What was what was ignored was what was the law.
And is Florida going to be allowed to count all the legal votes cast by legal Floridians.
As election irregularities showed up?
The Gore campaign requested more manual recounts.
And the Bush campaign would sue to stop the recounts.
This became a recurring theme throughout the recount.
The law read back then that you pick a smaller jurisdiction you recount there, and if there is an error in that, then you can order a recount in the entire county.
There was no law under chapter 102 that required any kind of a state recount at all.
So again, Gore tries to follow the law and gets accused again through Fox News and the Republicans of cherry picking.
You're cherry picking.
Well, excuse me, that's Florida law.
But what the law was, was not discussed.
The political ramifications of what the law instead became the big debate.
Once the courts were involved, every decision would be met with some kind of appeal.
These legal tactics consumed precious time leading up to state and federal election law deadlines.
The recount lurched on.
They were just making statements.
They were not really going into the details behind the statements, and they were just trying to placate us.

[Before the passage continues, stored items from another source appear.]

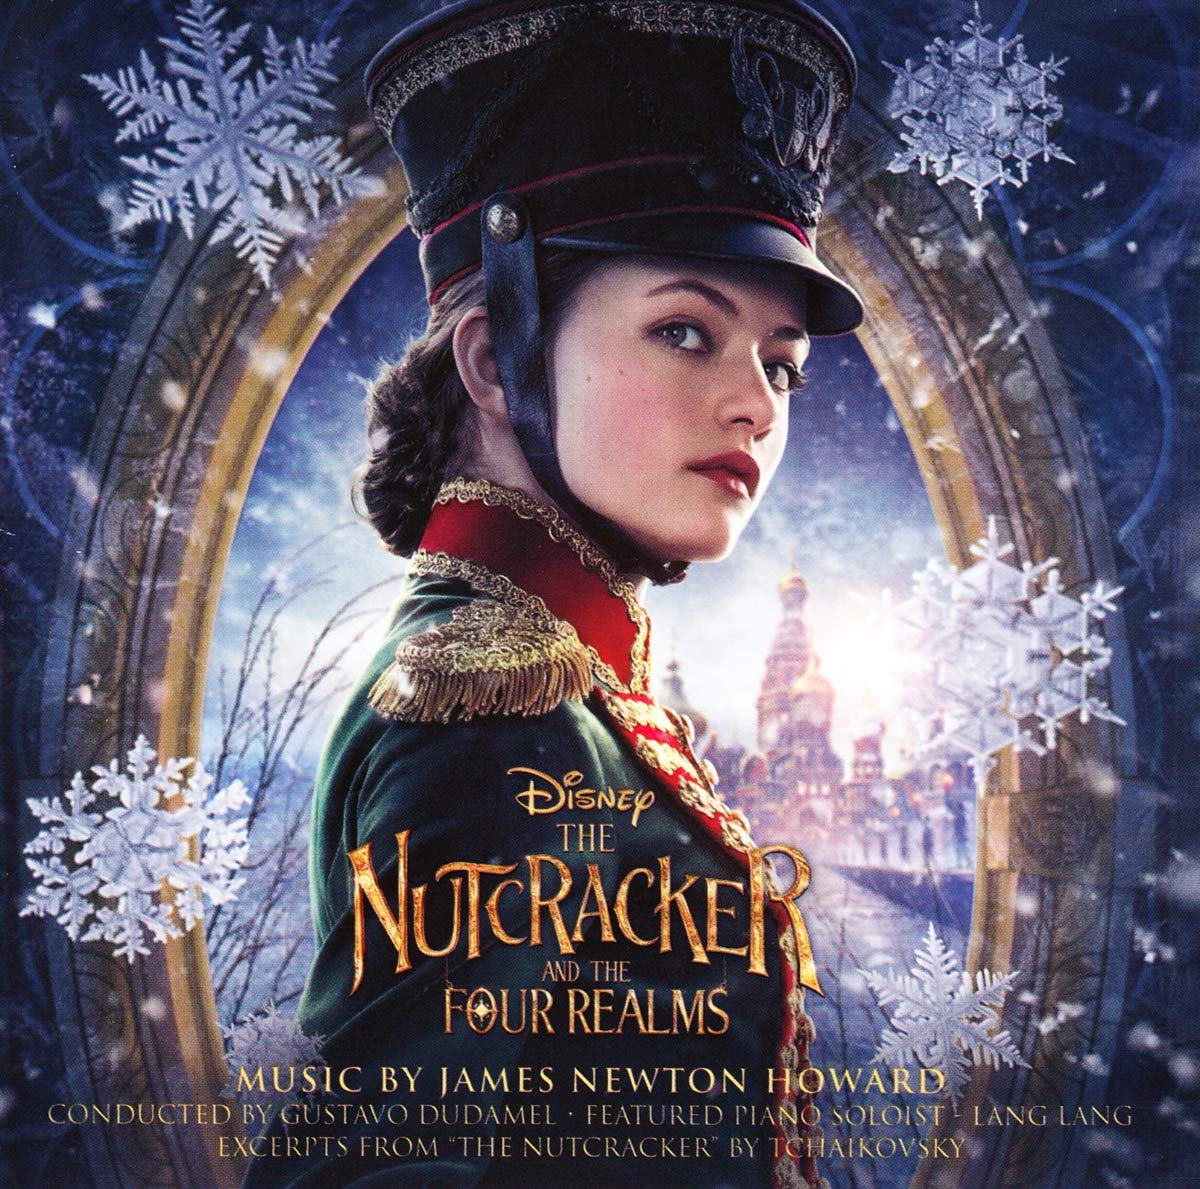 James Newton Howard The Nutcracker And The Four Realms Amazon Com Music
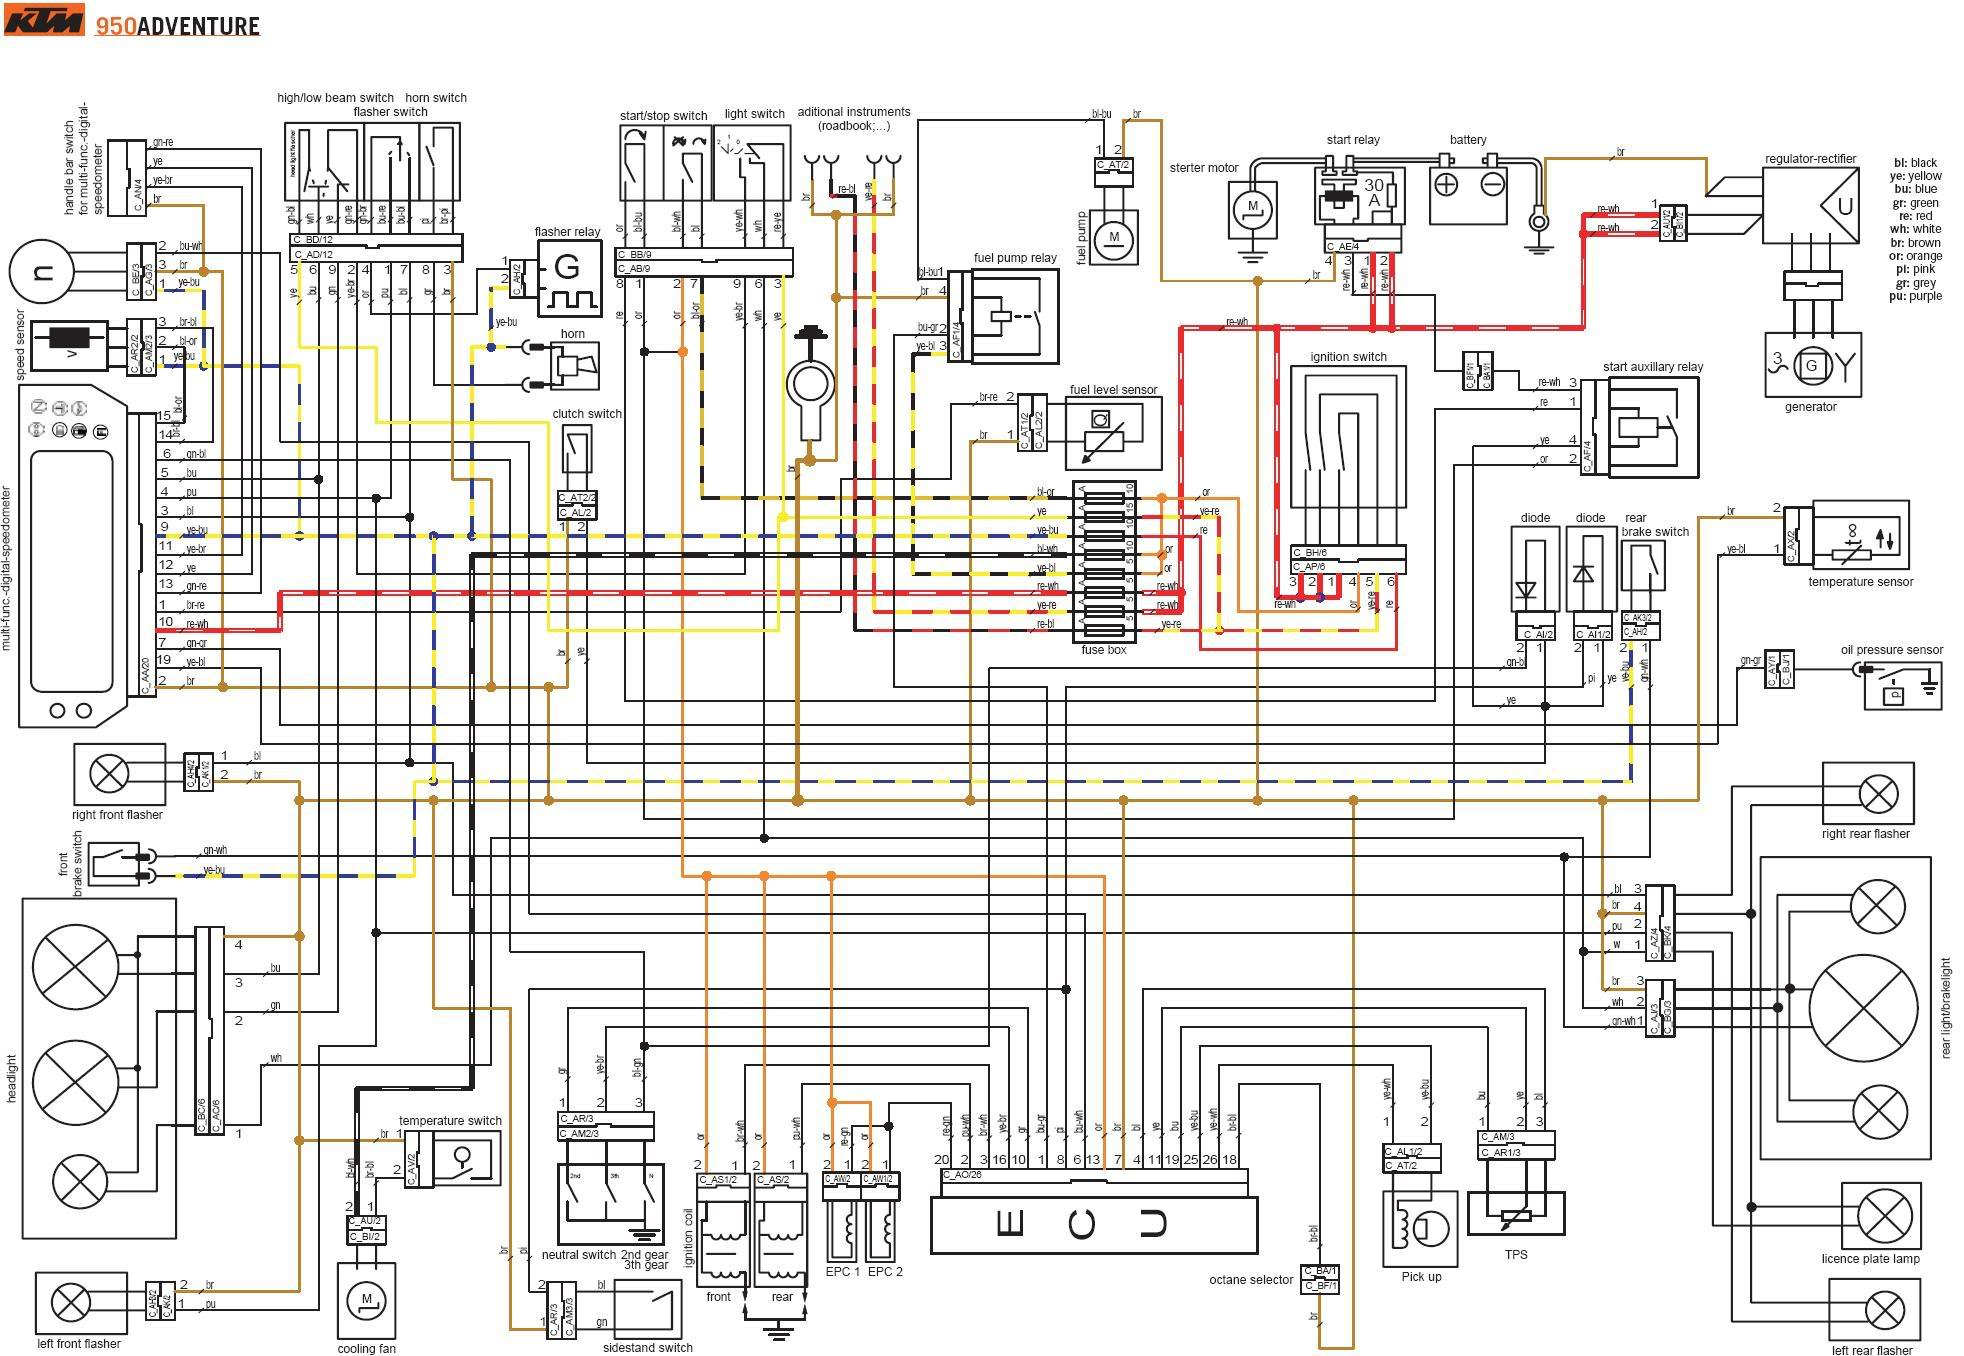 ktm wiring harness ga 5890  ktm exc wiring diagram wiring harness wiring diagram ktm exc wiring harness ktm exc wiring diagram wiring harness
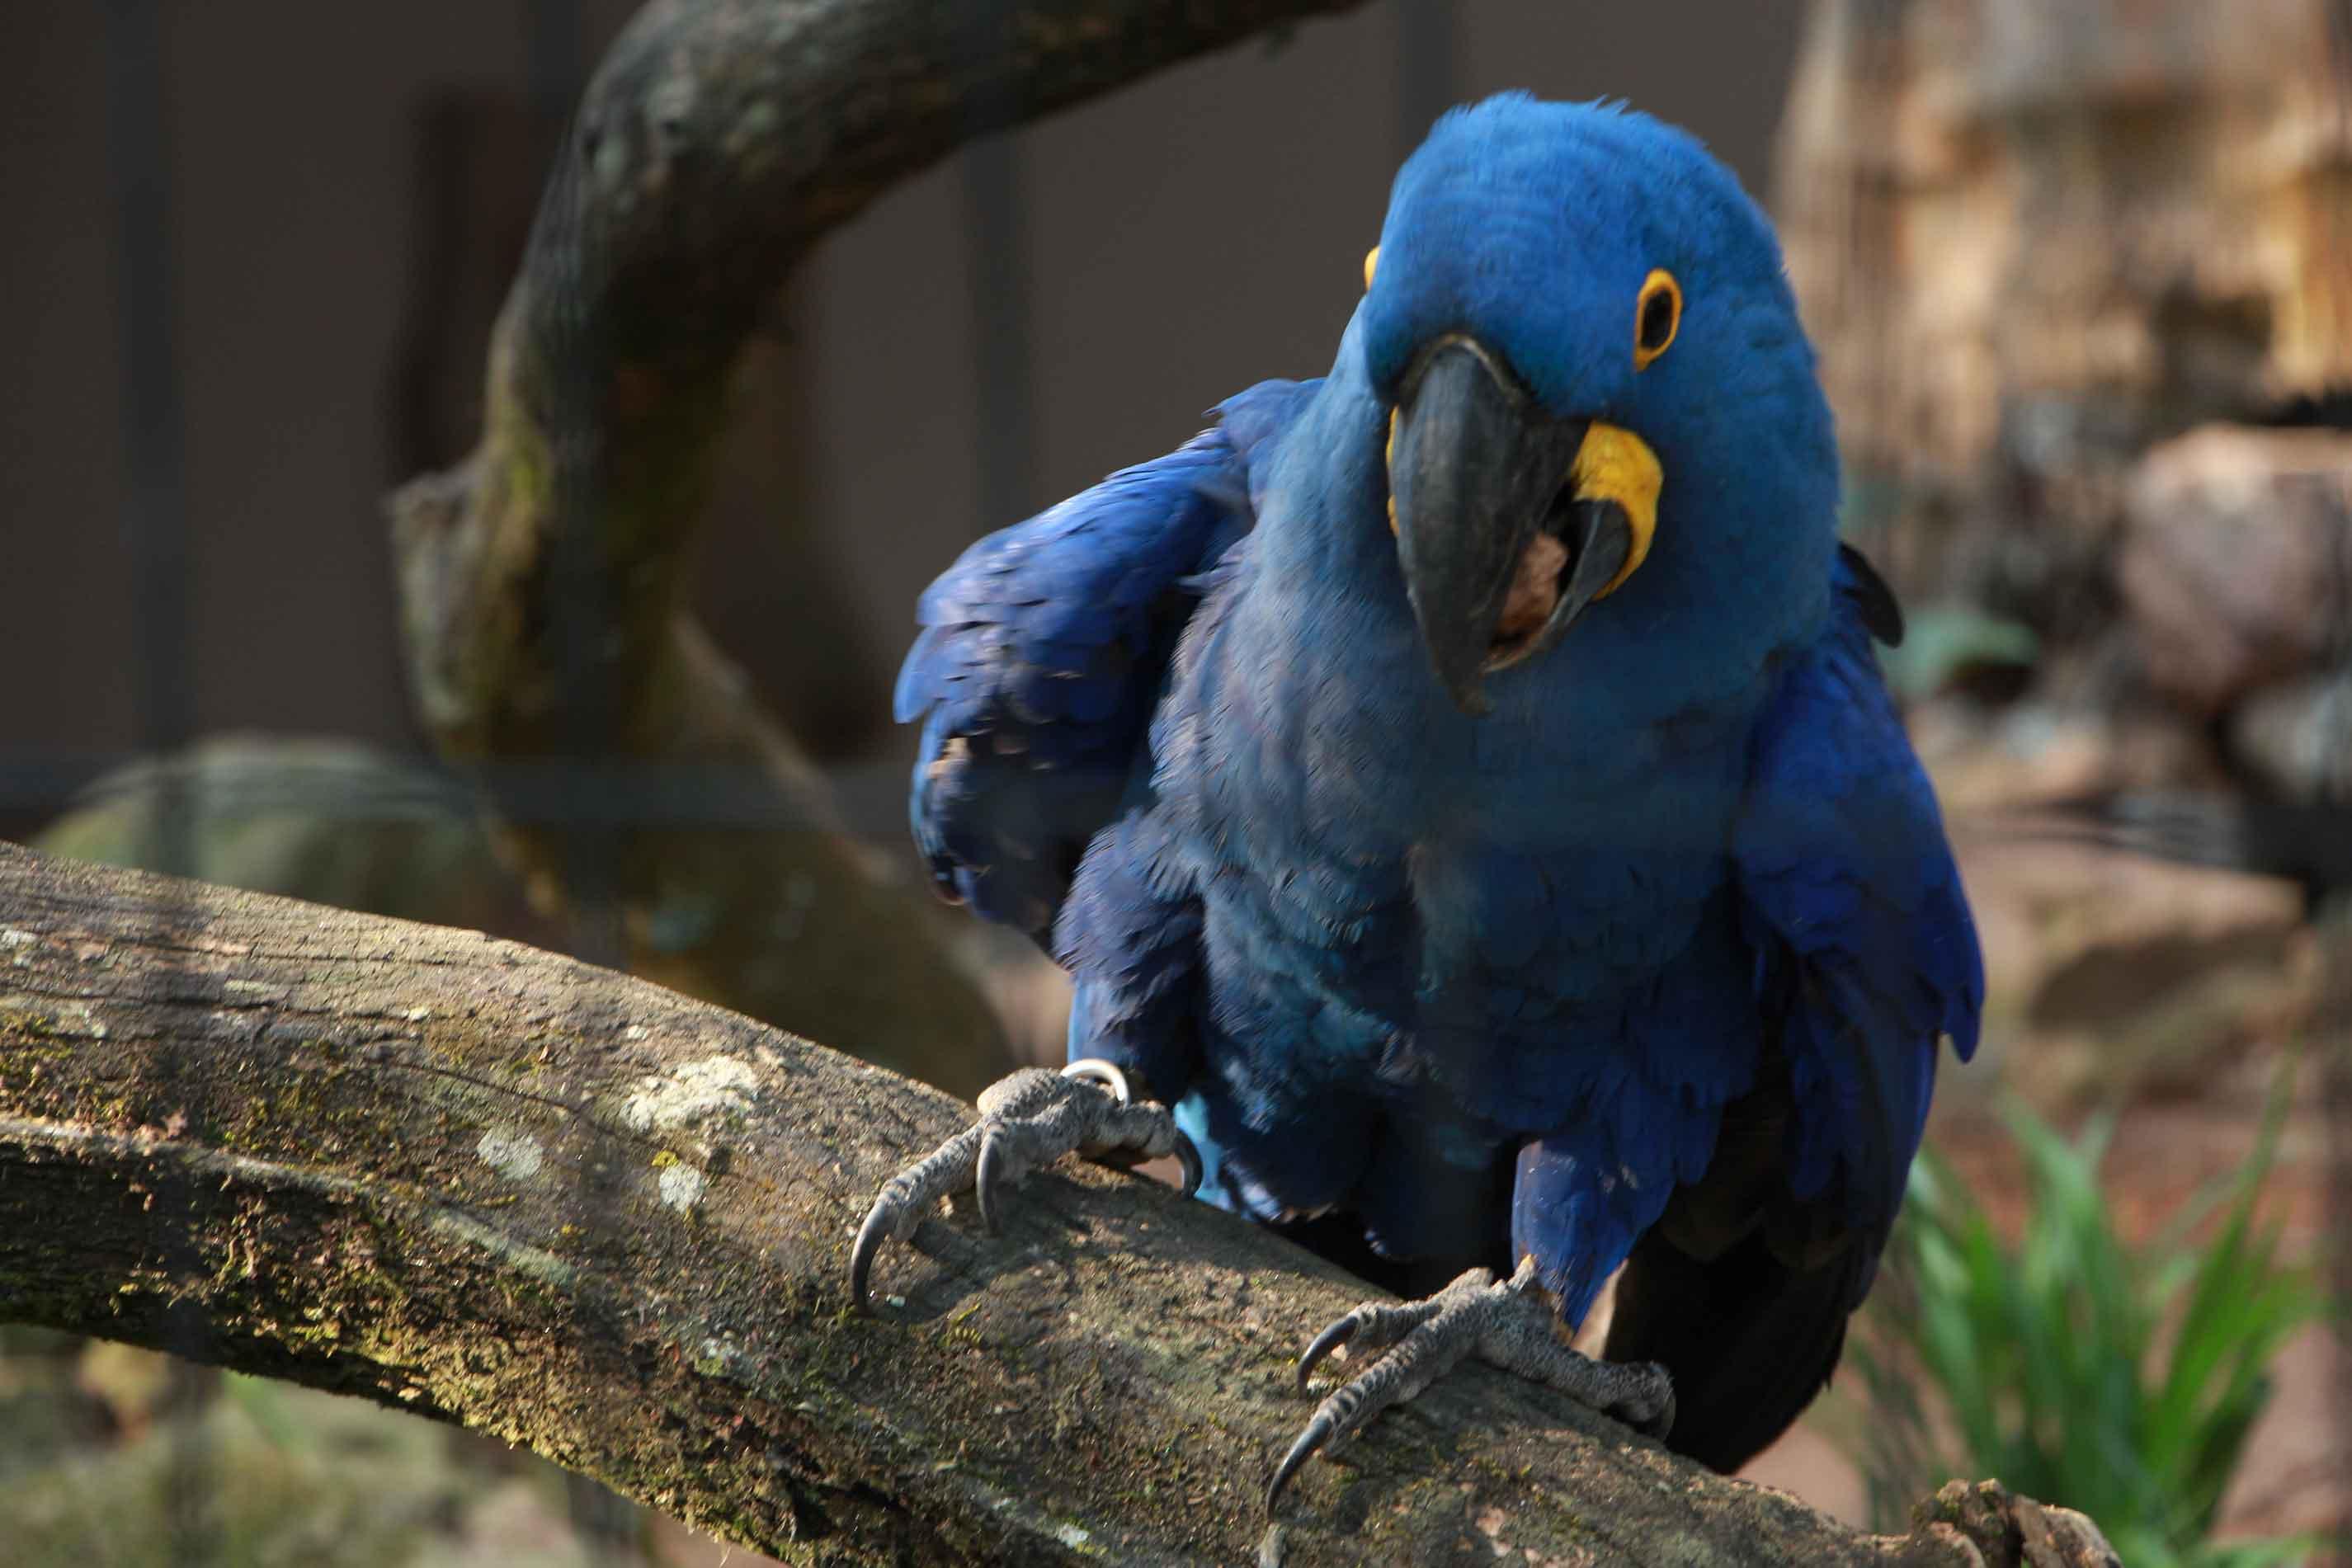 Itatiba-Turismo-Zooparque-Marcio-Masulino-IMG_4278-bx

And what advance, whatever the mood of the day was, whatever the message of the day was, and it got to be real annoying.
When these out of town lawyers were speaking for state lawmakers and were speaking for state officials.
On November 18th, the Tallahassee Democrat printed an illustration of the key places in the capital city where recount news was being made.
There was a Supreme Court, there was 1 or 2 locations inside the capital.
A lot happened out here on the Senate portico.
There were cables everywhere.
They set aside the Senate office building as an area where they would do press conferences and stuff.
And they filled it with flags.
It's like you would go in there and look like there are four flags.
You go in the next day and there are five flags.
You go in the next day.
There are 20 flags.
It was all theatrics.
It was all about theatrics.
And they would have their lawyers up there spouting whatever to the point of the day was.
And that was it.
That's all you could get.
You couldn't take someone aside later and say, hey, what's really going on?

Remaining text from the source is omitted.